**Task requirements**. In your reply, repeat the full listing exactly and leave each picture out.

**Data excerpt**.
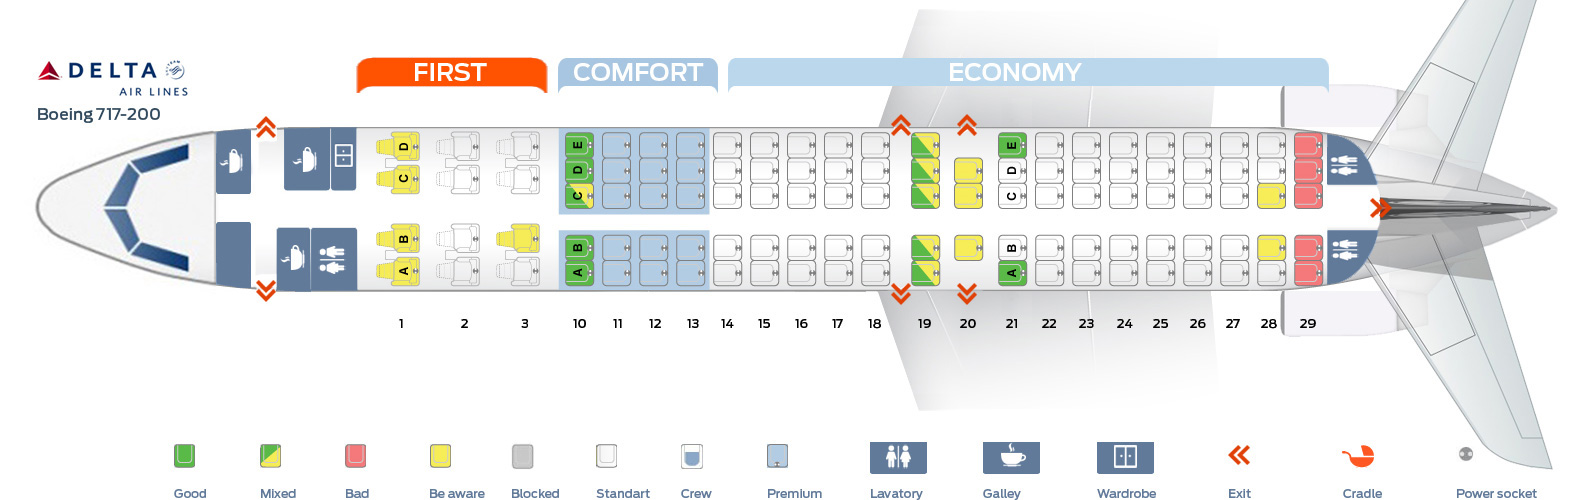 Delta Flight Seating Chart
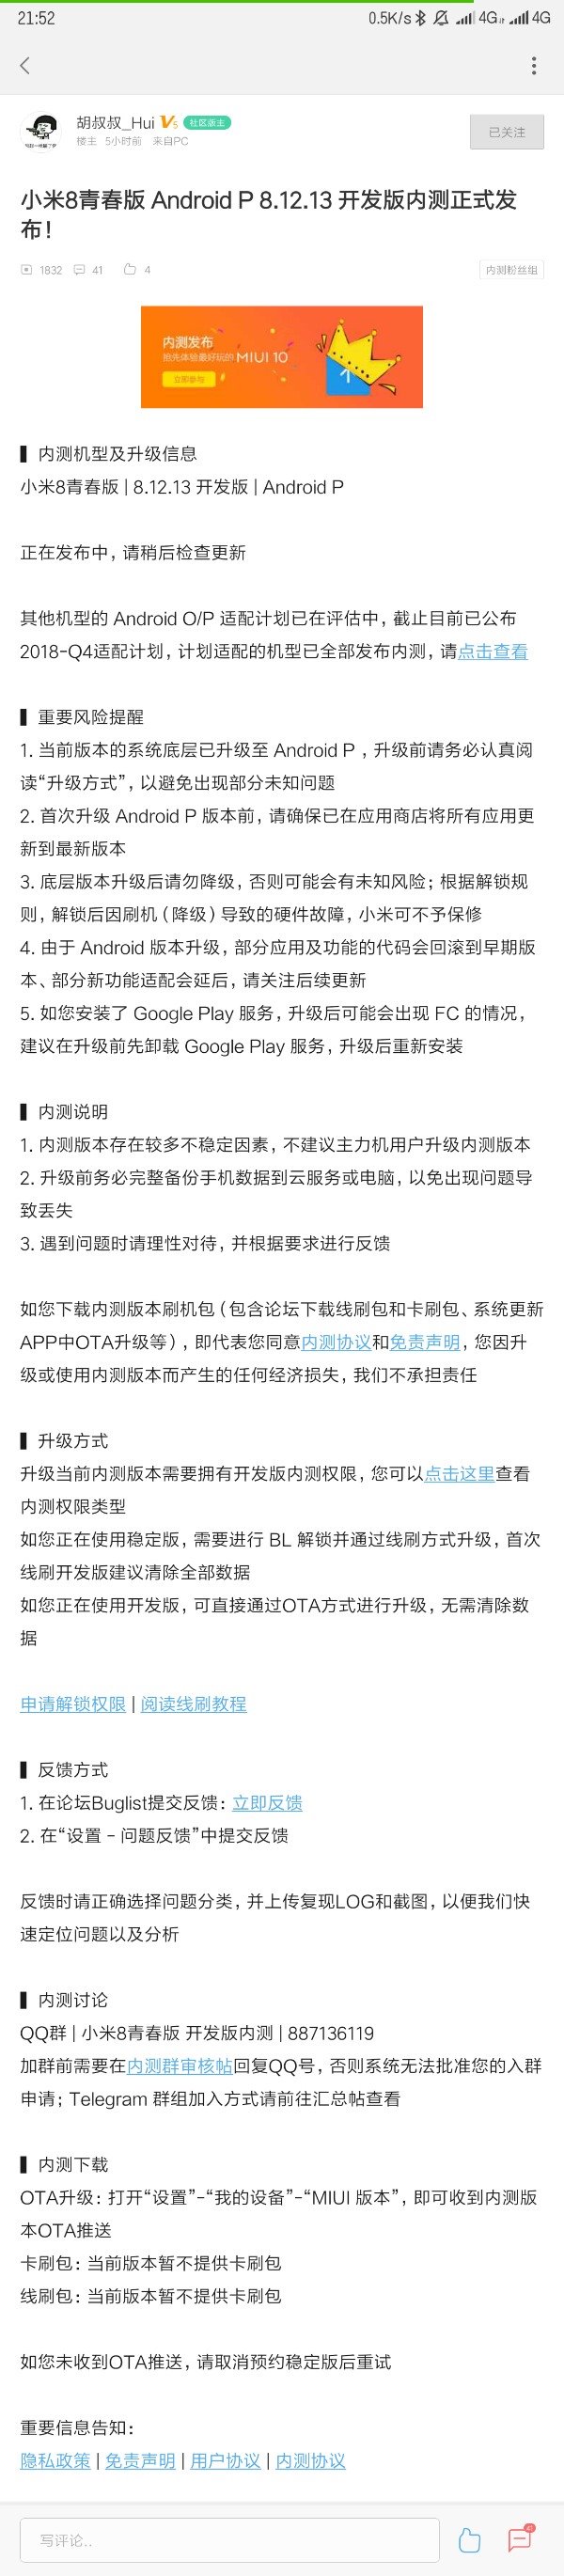 手机杀毒软件，小米为小米 8 青春版公布 Android P 8.12.13 开发版内测更新
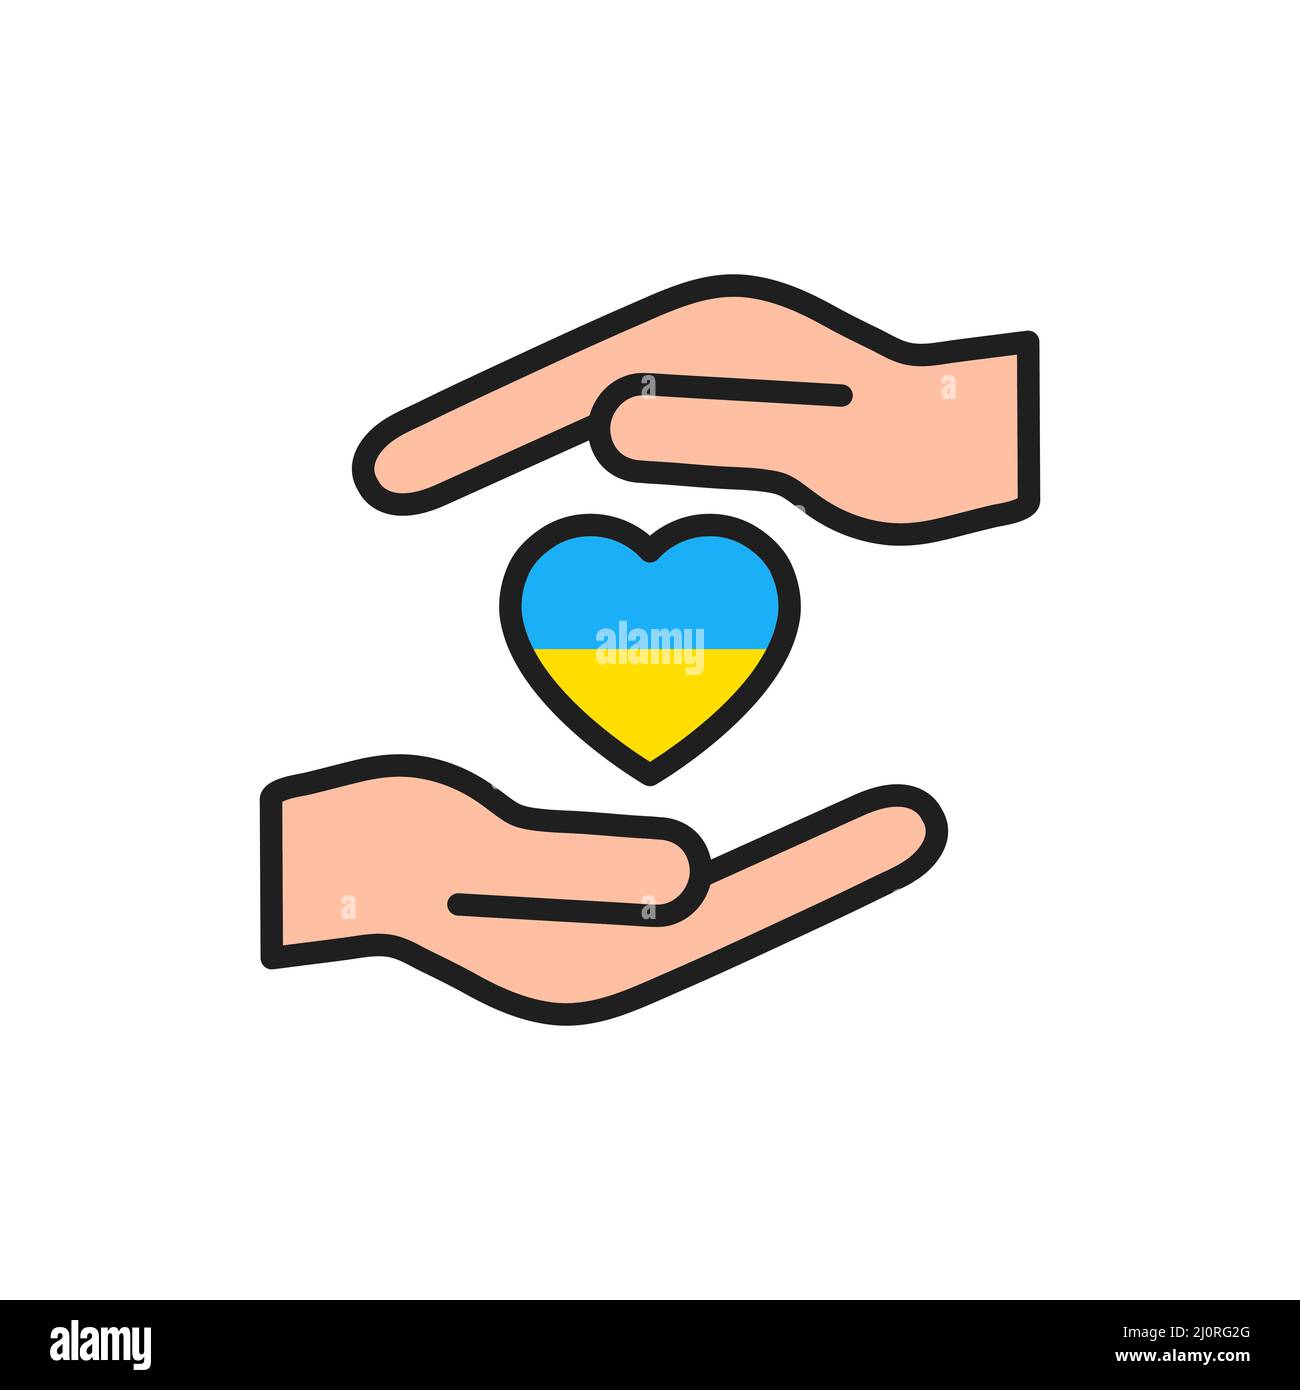 Pregate per la pace in Ucraina. Fermare la guerra. Bandiera dell'Ucraina in forma di cuore nelle armi umane. Illustrazione Vettoriale
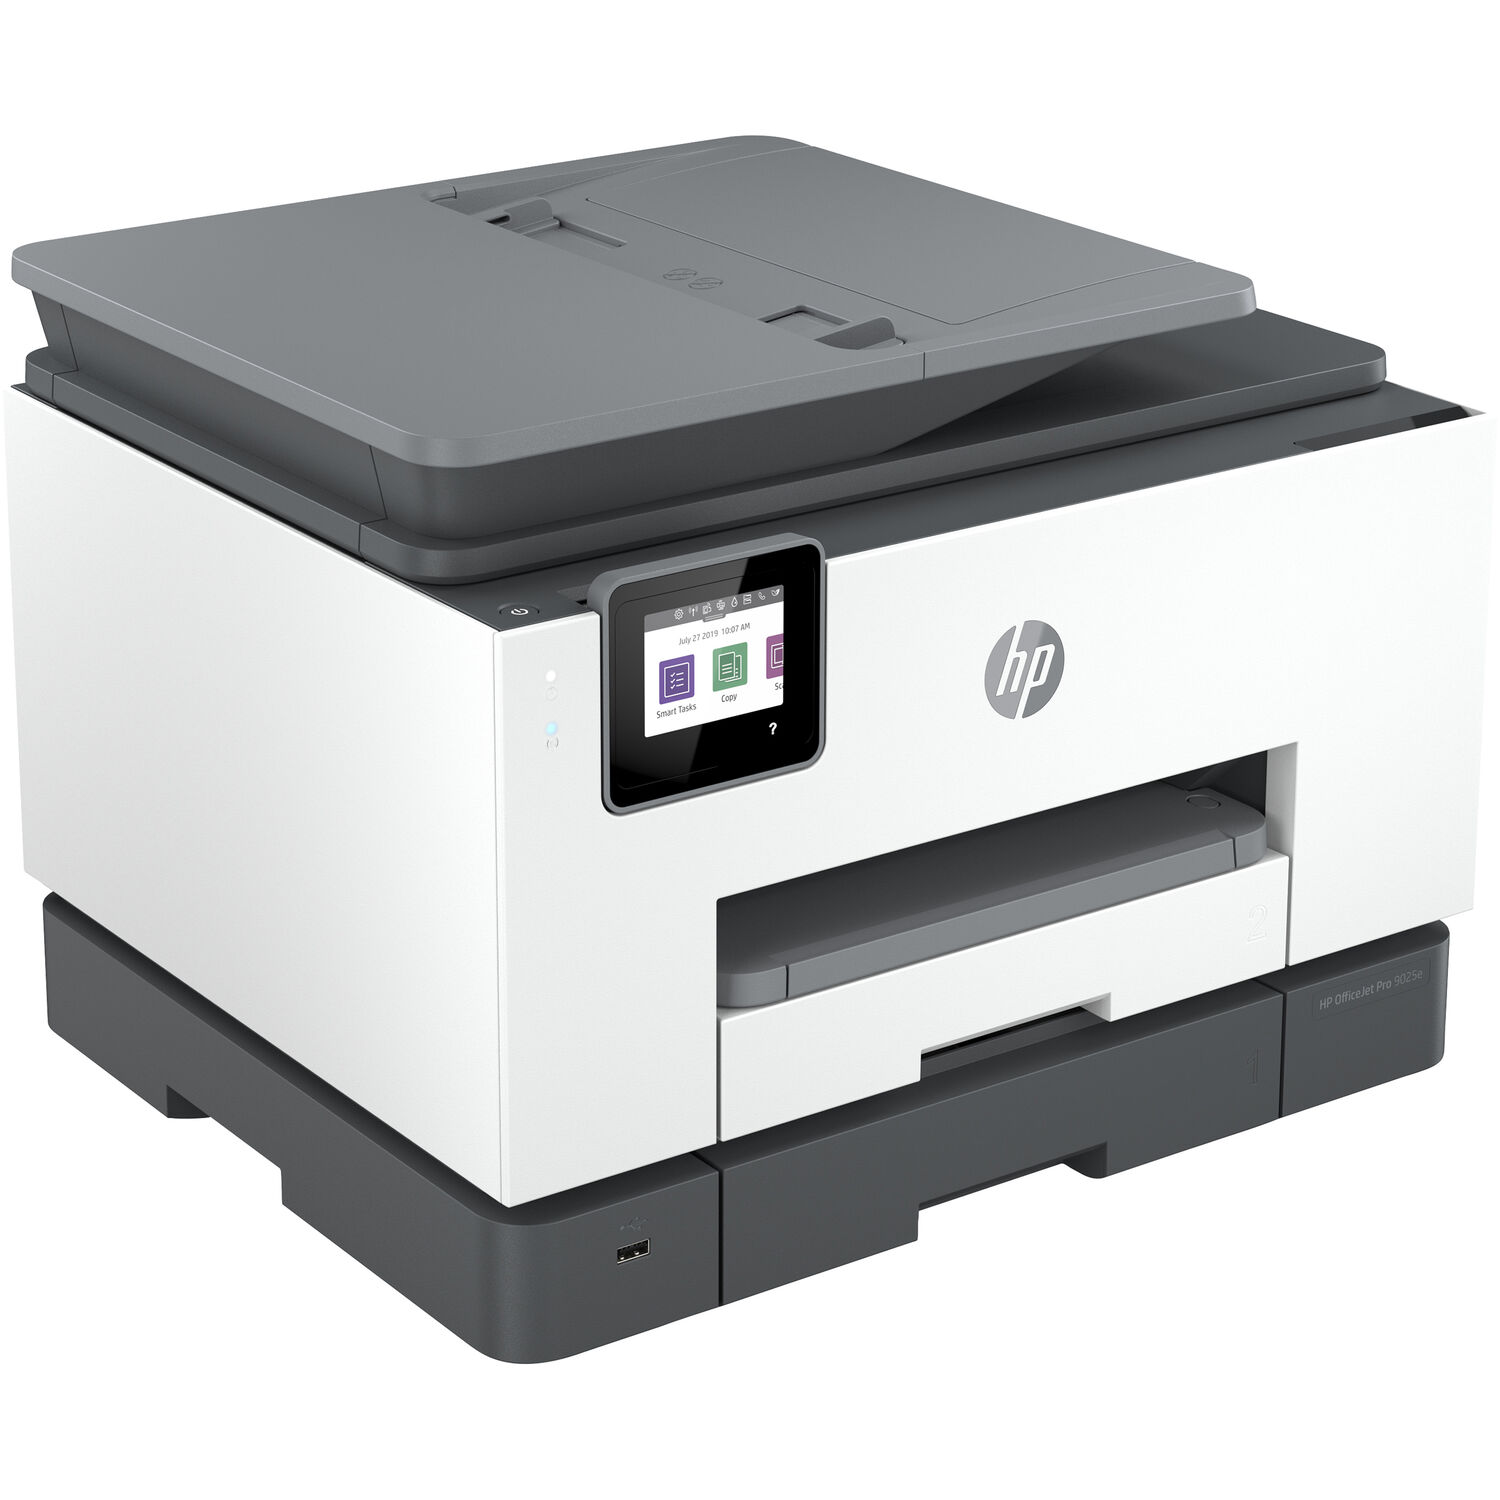 Impresora Multifunción Hp Officejet Pro 9025E con 6 Meses de Tinta Gratis a Través de Hp+

**Expected answer**.
 Delta Flight Seating Chart
 手机杀毒软件，小米为小米 8 青春版公布 Android P 8.12.13 开发版内测更新
 Pregate per la pace in Ucraina. Fermare la guerra. Bandiera dell'Ucraina in forma di cuore nelle armi umane. Illustrazione Vettoriale
 Impresora Multifunción Hp Officejet Pro 9025E con 6 Meses de Tinta Gratis a Través de Hp+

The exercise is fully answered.